Бойд Каррингтон наверняка бы сгладил ситуацию — у него на подобные случаи большой житейский опыт и такт (хотя при этом он один из самых напыщенных и скучнейших людей, которые мне когда-либо встречались. Кстати, вы, Гастингс, именно такими людьми склонны восхищаться)…
Наверное, вы и сами бы могли справиться с создавшейся ситуацией, однако тут все портит Нортон, вмешивается в разговор — нескладно, глупо, якобы сочувствуя, его бестактность бросается в глаза и значительно усложняет положение. Он что-то бормочет насчет бриджа и этим заставляет полковника припомнить унижения, которые тому приходится выносить во время игры. Потом ни к селу, ни к городу начинает болтать о разных происшествиях с огнестрельным оружием. Тему, как и рассчитывал Нортон, тут же подхватывает попавшийся на крючок Каррингтон и начинает повествовать об ирландском солдате, который подстрелил своего брата. Кстати, эту байку, Гастингс, сам Нортон и рассказал Бойду Каррингтону, прекрасно зная, что старый болван перескажет ее уже как свою, когда настанет подходящий момент. (Так что, основная подначка исходила даже и не от Нортона.) Mon Dieu, non![191]
Итак, почва удобрена. Наступает кульминационный момент. Точка взрыва. Полковник оскорблен в своих лучших чувствах, он чувствует себя опозоренным в глазах постояльцев и внутренне корчится от мысли, что они, конечно же, презирают его за неспособность противостоять бесцеремонности и властолюбию жены. И вдруг, вот он выход из положения… „Вот что нужно… ружье, из которого он палит по воронам. А ведь бывают разные случаи… Какой-то ирландец подстрелил брата“… И тут он видит, как в траве под деревом то и дело мелькает голова жены… „Мне за это ничего не будет… просто несчастный случай… я им всем покажу… я ей покажу… черт ее побери! Хоть бы она умерла… Она и умрет!“
Он ее не убил, Гастингс. Скорее всего, он промахнулся не случайно, потому что в глубине души хотел промахнуться. А потом — потом страшное наваждение рассеялось. Ведь это его жена, женщина, которую он любил и продолжает любить несмотря ни на что.
Задуманное Нортоном сорвалось…
Что ж, он постарается наверстать в другой раз… Понимаете ли вы, Гастингс, что именно вам была уготована участь следующей жертвы? Постарайтесь припомнить все подробности. Да, следующей жертвой должны были стать вы, мой честный, добрый Гастингс! Нортон нащупал ваши слабые струнки, он прекрасно видел, насколько вы честны и нравственны.

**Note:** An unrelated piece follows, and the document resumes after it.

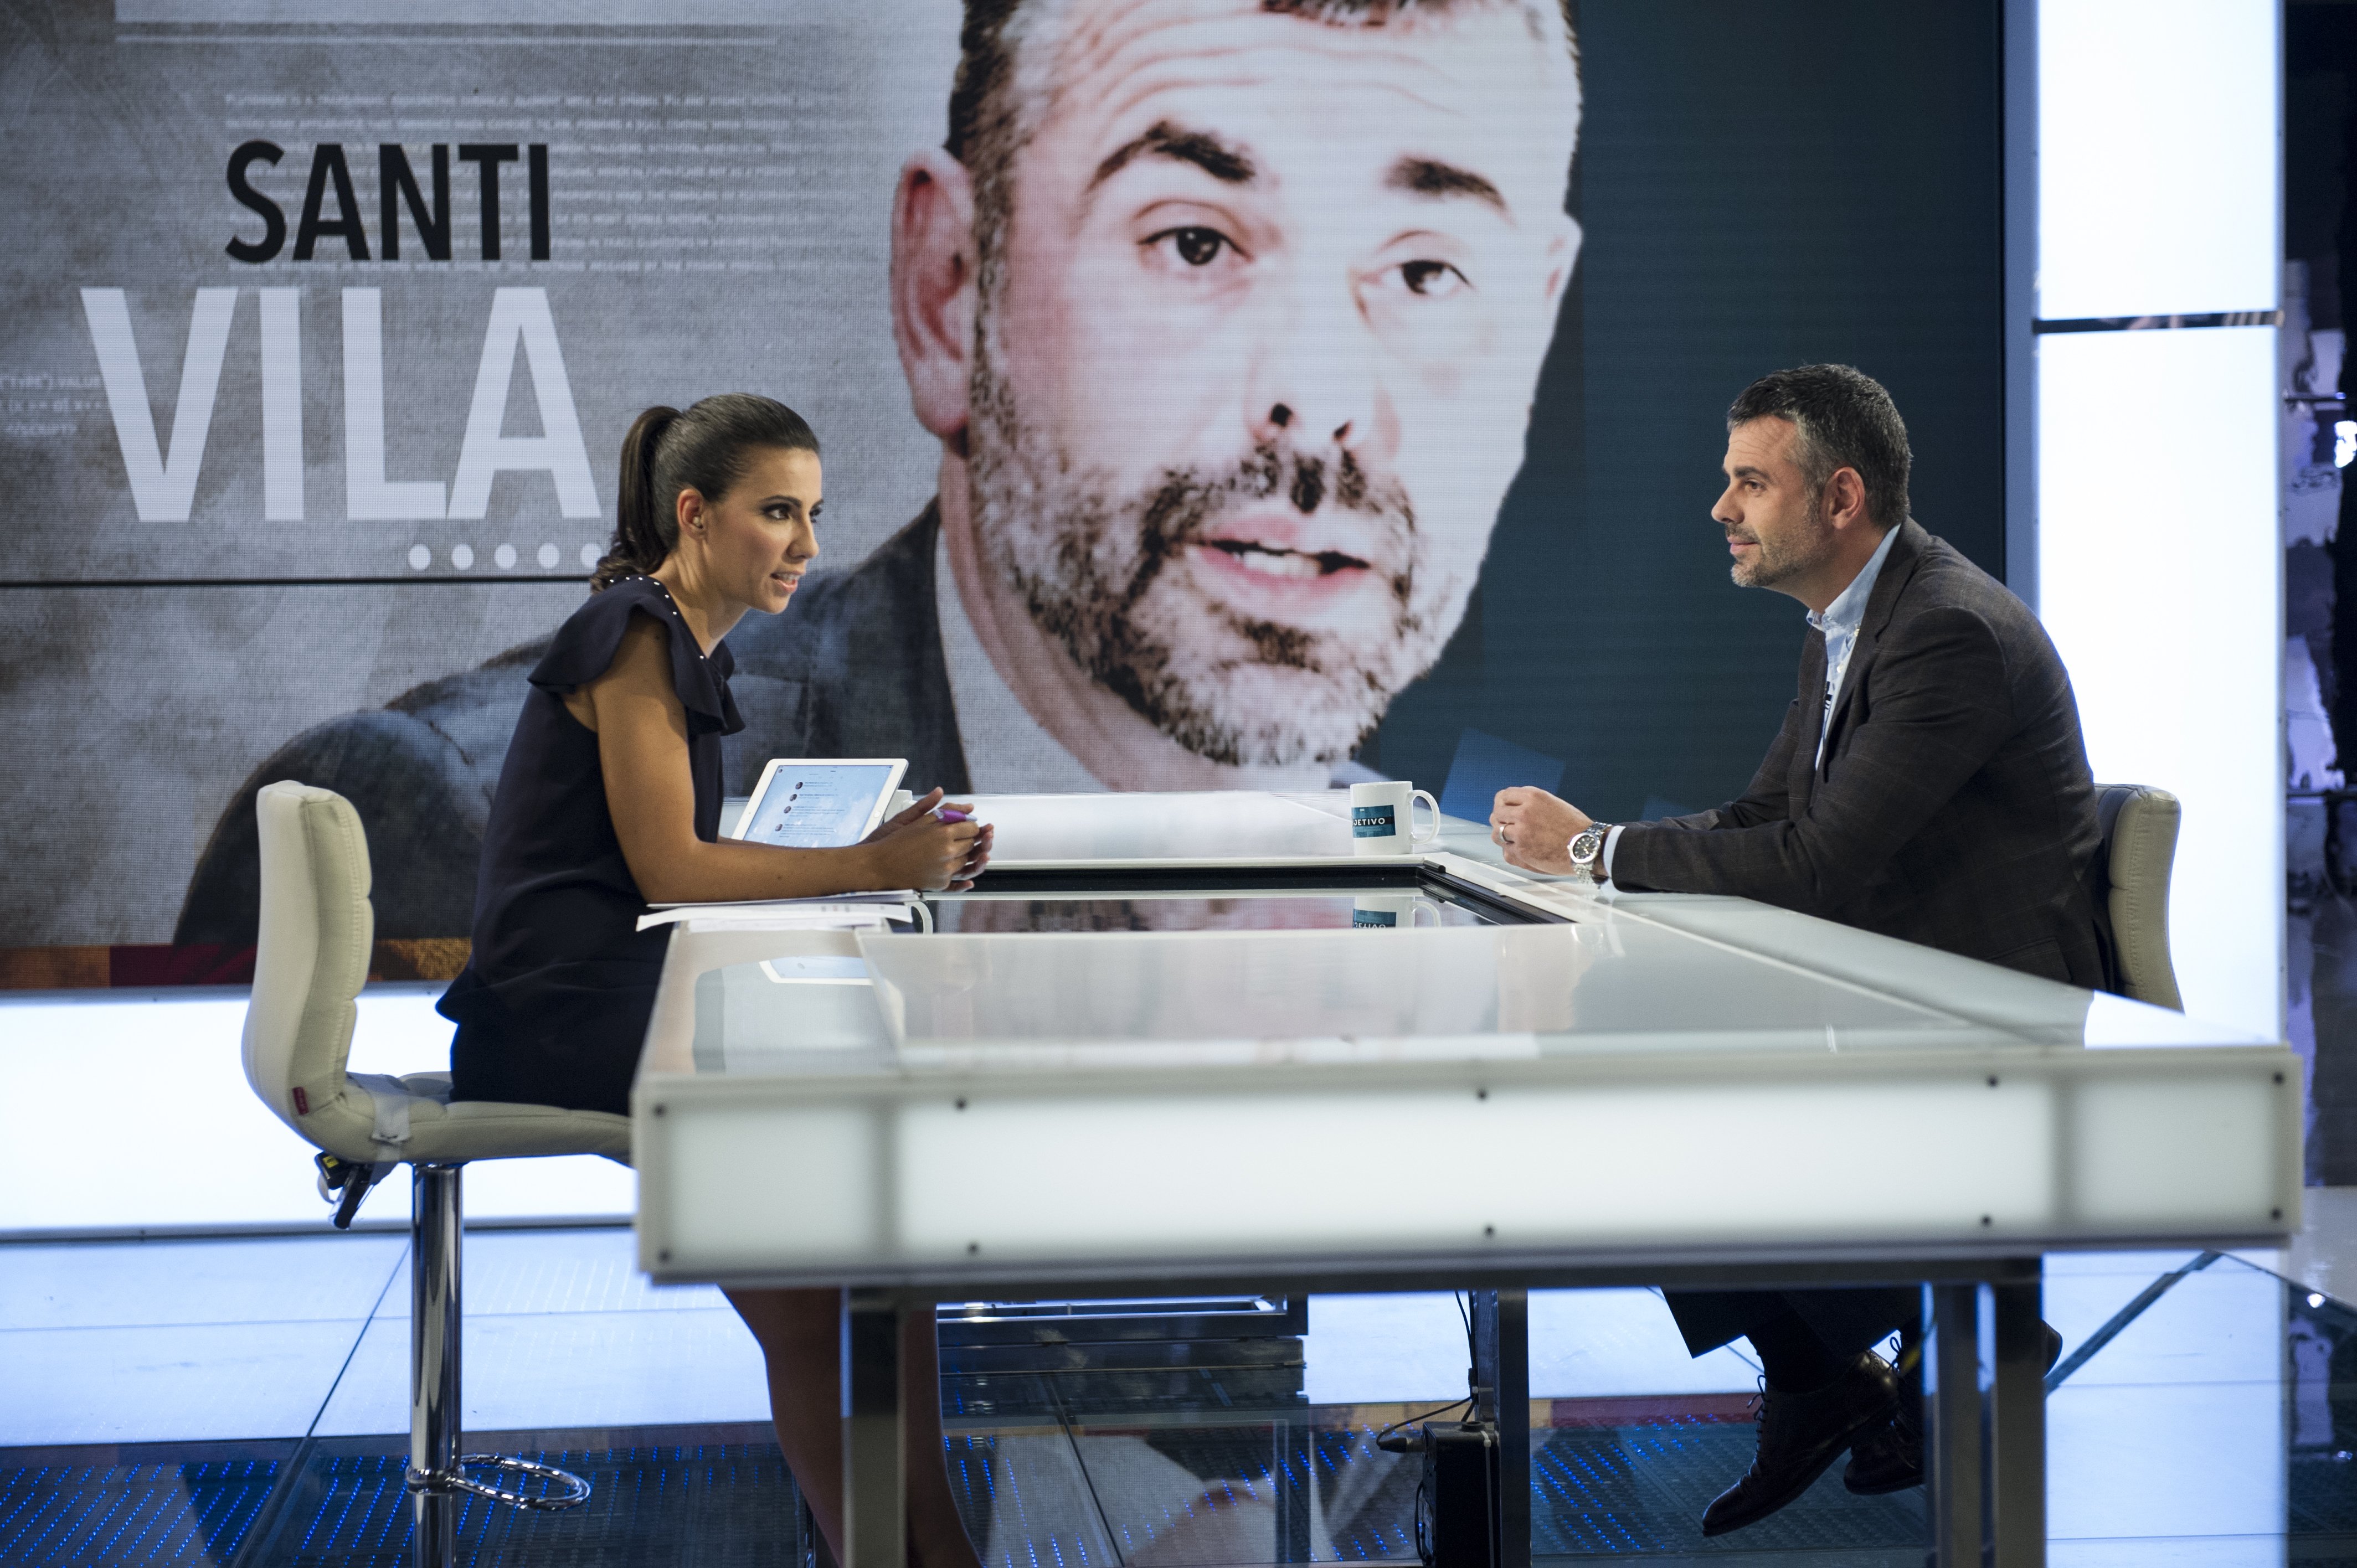 Santi Vila hace que TV3 pierda el liderazgo

Он понял, что Аллертон относится к тому типу мужчин, который вы инстинктивно ненавидите. По вашему мнению, таким людям, как он, не следует давать спуску. Все, что вы о нем слышали, верно. Нортон рассказал вам некую историю, которая, в общем-то, имела место, правда, он „забыл“ упомянуть, что девушка была психически неуравновешенной, возможно, с тяжелой наследственностью.
Эта история оскорбила вашу добропорядочность, понятие о чести. Этот человек — негодяй, он губит невинных девушек, доводит их до самоубийства. По наущению Нортона глупец Каррингтон еще больше вас подогрел, посоветовав „поговорить с Джудит“. А Джудит, как Нортон и предполагал, ответила вам, что будет распоряжаться своей судьбой в соответствии со своими чувствами и желаниями… Ее ответ заставил вас заподозрить худшее.
Заметьте, на каких струнах вашей души играет Нортон: на вашей любви к дочери, на чувстве отцовского долга и ответственности: „Я должен что-нибудь сделать. Это моя обязанность“. Он сыграл и на вашей беспомощности, ведь рядом с вами уже не было вашей жены, чьими советами вы могли бы воспользоваться, и на чувстве памяти к ней: „Теперь только я отвечаю за детей“. Однако Нортон учитывал и другие ваши слабости: например, тщеславие. За годы нашей с вами дружбы вы изучили все тонкости моего ремесла и решили, что вас обмануть невозможно. И, наконец, он сыграл на том потаенном чувстве, которое большинство мужчин испытывает в отношении своих дочерей, — на безотчетной ревности и неприязни к молодым людям, которые отнимают дочерей у отцов. Нортон играл на всех этих ваших струнах как виртуоз на скрипке. А вы с готовностью „отзвучивали“ в ответ.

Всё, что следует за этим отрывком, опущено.